No Rio de Janeiro, atingidas devolvem lama à Vale

No dia internacional da mulher, cerca de 400 manifestantes protestaram na sede da Vale, para denunciar a responsabilidade da mineradora na tragédia ocorrida em Mariana (MG).


“Não é inocente: a Vale mata rio, mata bicho e mata gente”, entoaram ao som de funk a batucada comandada pelo Levante Popular da Juventude. No bairro do Leblon, Zona Sul da cidade do Rio de Janeiro, aproximadamente 400 mulheres e homens protestaram, nesta terça-feira (8), em frente à sede da Vale, uma das mineradoras responsáveis pelo maior desastre ambiental da história do Brasil.

“Nós estamos realizando uma jornada nacional de lutas para denunciar que a Samarco, Vale e BHP Billiton são as responsáveis pelo assassinato de 19 pessoas em Bento Rodrigues e por toda a destruição decorrente da lama que se espalhou pela bacia do rio Doce”, afirmou o coordenador do Movimento dos Atingidos por Barragens (MAB) em Minas Gerais, Thiago Alves.

Ao chegarem a frente ao edifício, sem identificação, que abriga uma das maiores empresas de mineração do mundo, as manifestantes despejaram dezenas de litros de lama retirada do rio Doce. “Se a Vale tentou se esconder nesse bairro nobre do Rio de Janeiro, ela fracassou. Viemos aqui na frente dessa empresa criminosa para cobrar os nossos 19 mortos, assassinados pela Vale”, explicou a militante do Levante Popular da Juventude, Luma Vitório.

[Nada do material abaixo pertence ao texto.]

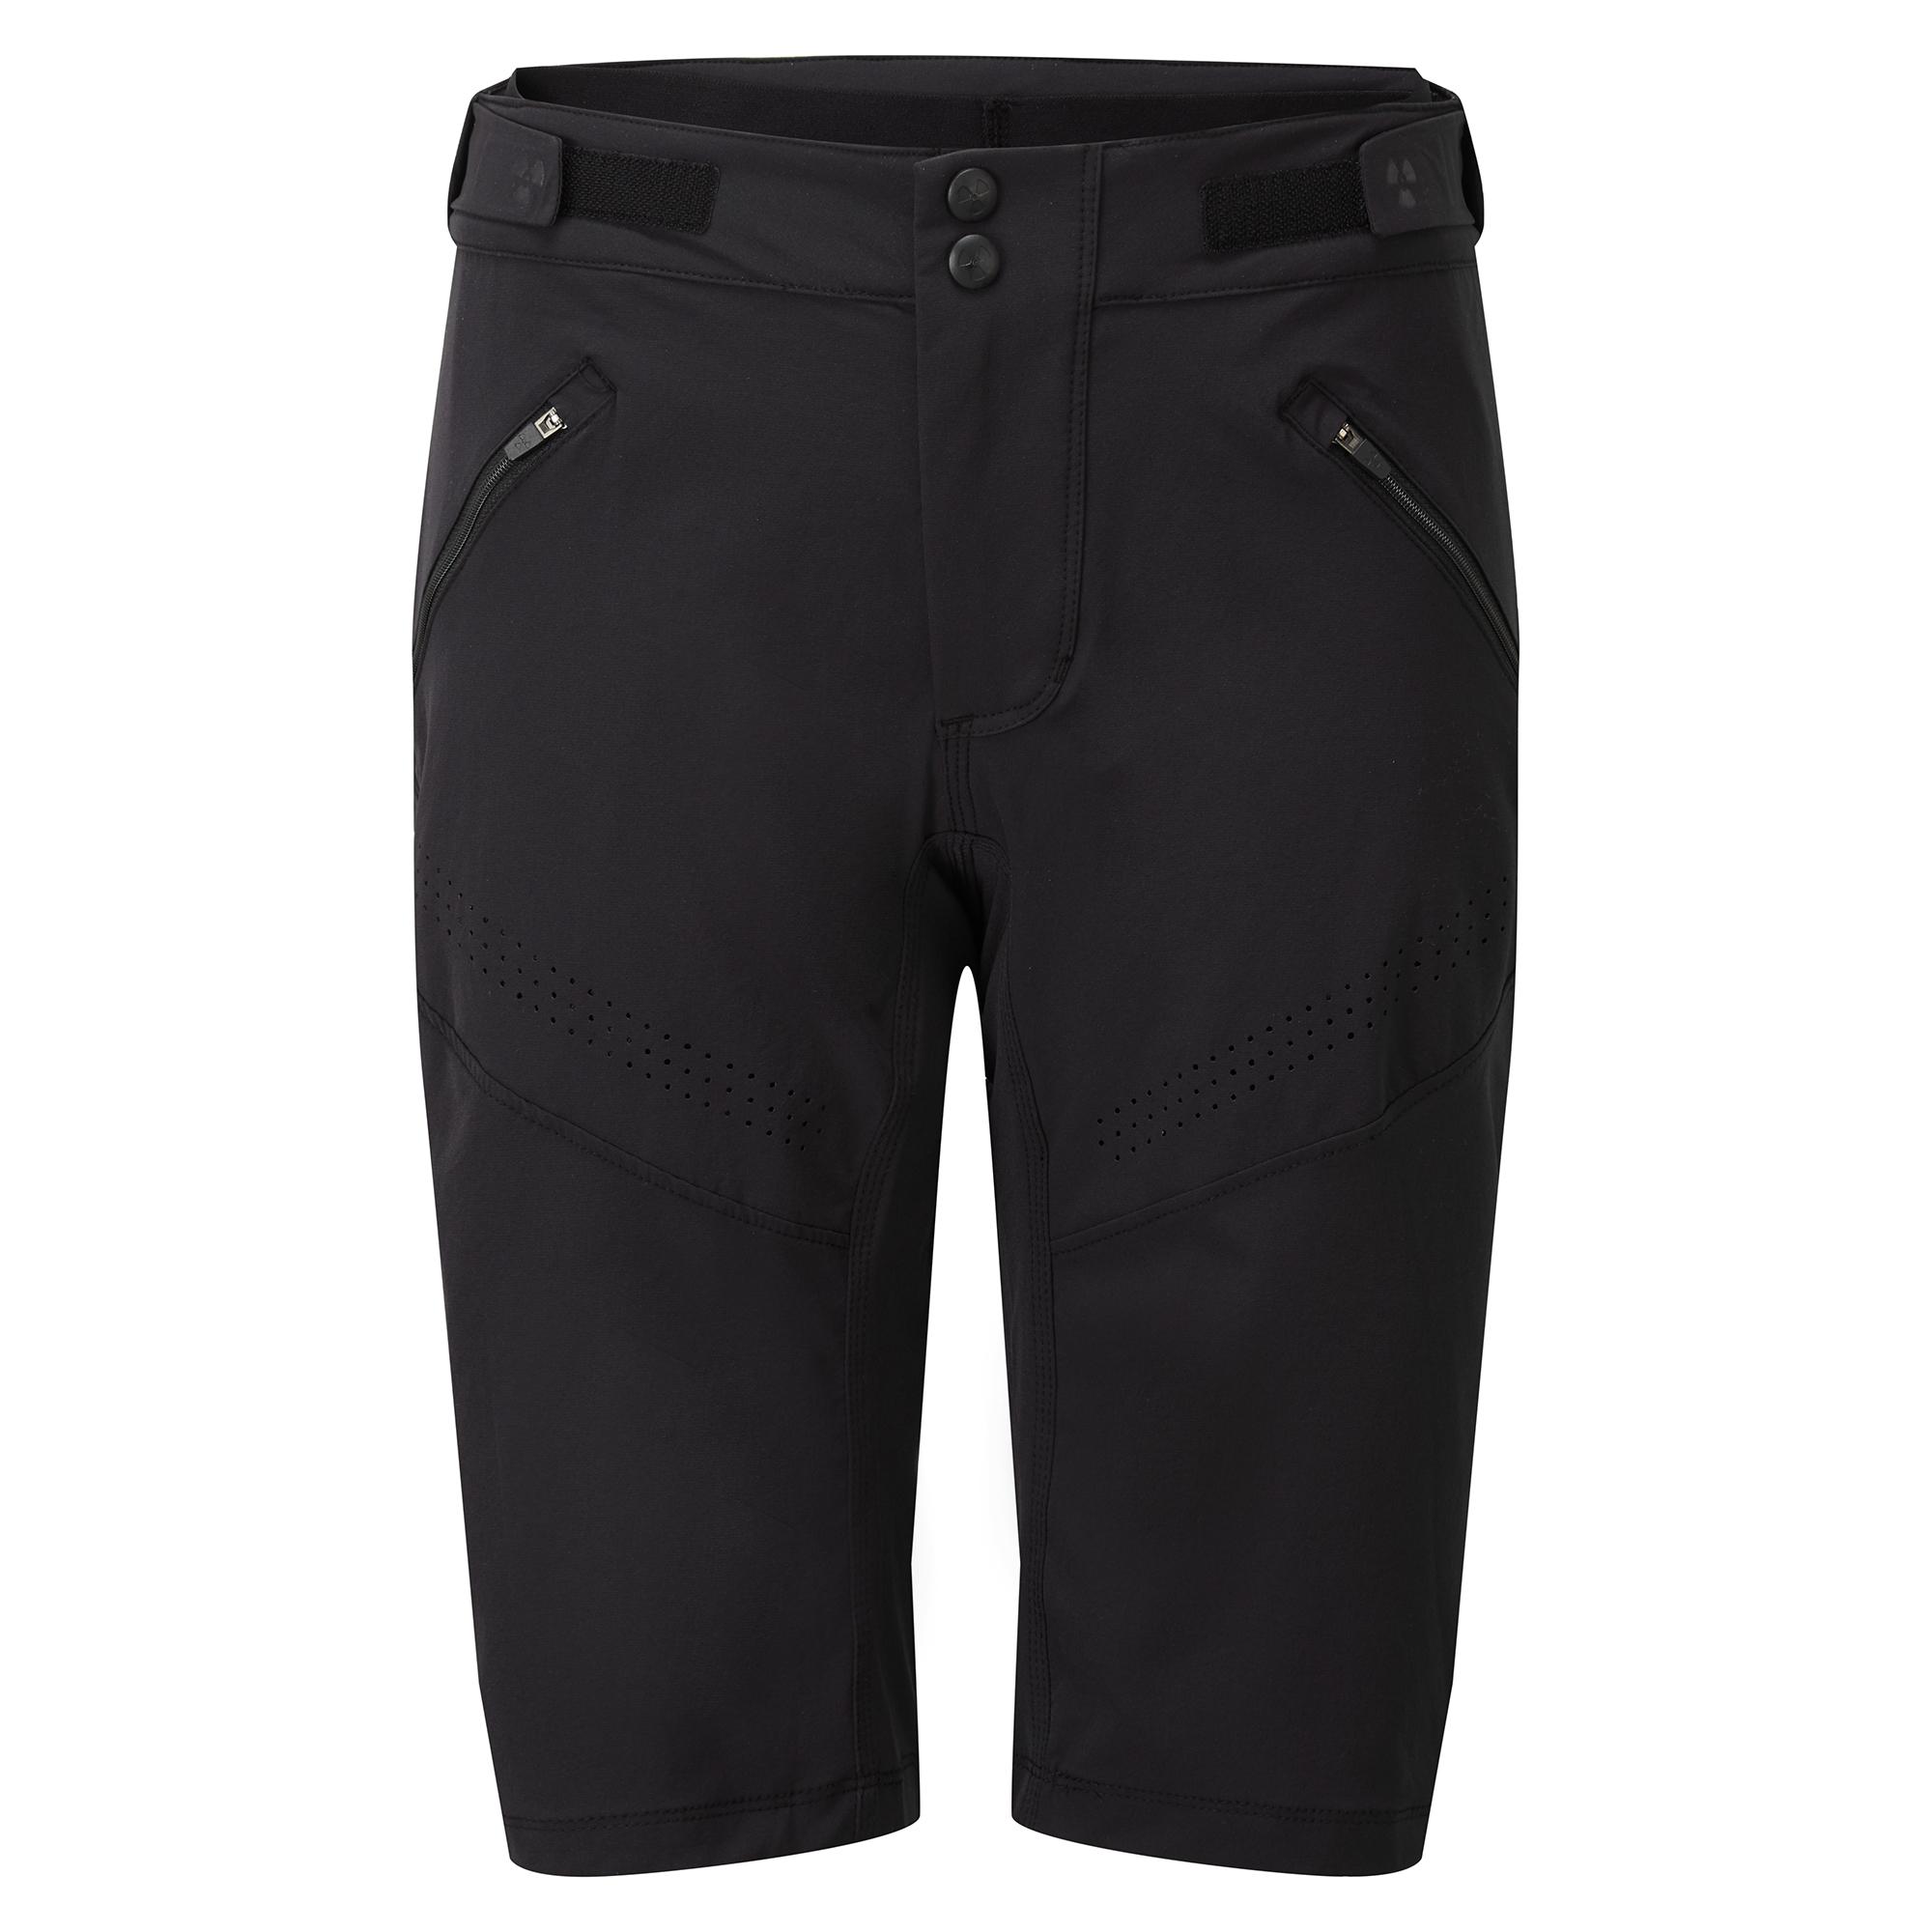 Nukeproof Blackline Womens Shorts With Liner

Apesar de já terem se passado mais de 120 dias do rompimento da barragem do Fundão, milhares de atingidos ainda não receberam uma assistência adequada da Samarco (Vale/BHP Billiton), como é o caso de Vilma, moradora de Ponte Nova (MG). "Estamos aqui para denunciar o que a Samarco fez com a gente: destruiu todo o nosso rio. E o nosso rio era o nosso meio de sobrevivência", lamentou-se Vilma.

O sociólogo e cientista político, Emir Sader, também compareceu ao ato para prestar solidariedade às pessoas atingidas pelo rompimento da barragem do Fundão. “Estamos escandalizados com o silêncio da imprensa com o que aconteceu em Mariana, que é o maior escândalo ecológico da história do Brasil, promovido pela empresa que exacerbava que o modelo de privatização seria a solução ao país”, opinou.  

Junto ao Movimento dos Atingidos por Barragens e Levante Popular da Juventude, somaram-se à atividade o Movimento dos Pequenos Agricultores (MPA), Movimento dos Trabalhadores Rurais Sem Terra (MST) e Federação Única dos Petroleiros (FUP).

Além desse ato, atingidas por barragens participam de manifestações em outros estados. Nesse Dia Internacional de Luta das Mulheres, as mulheres atingidas reivindicam a redução das tarifas de energia elétrica e a instauração de uma Política Nacional de Direitos para as Populações Atingidas por Barragens.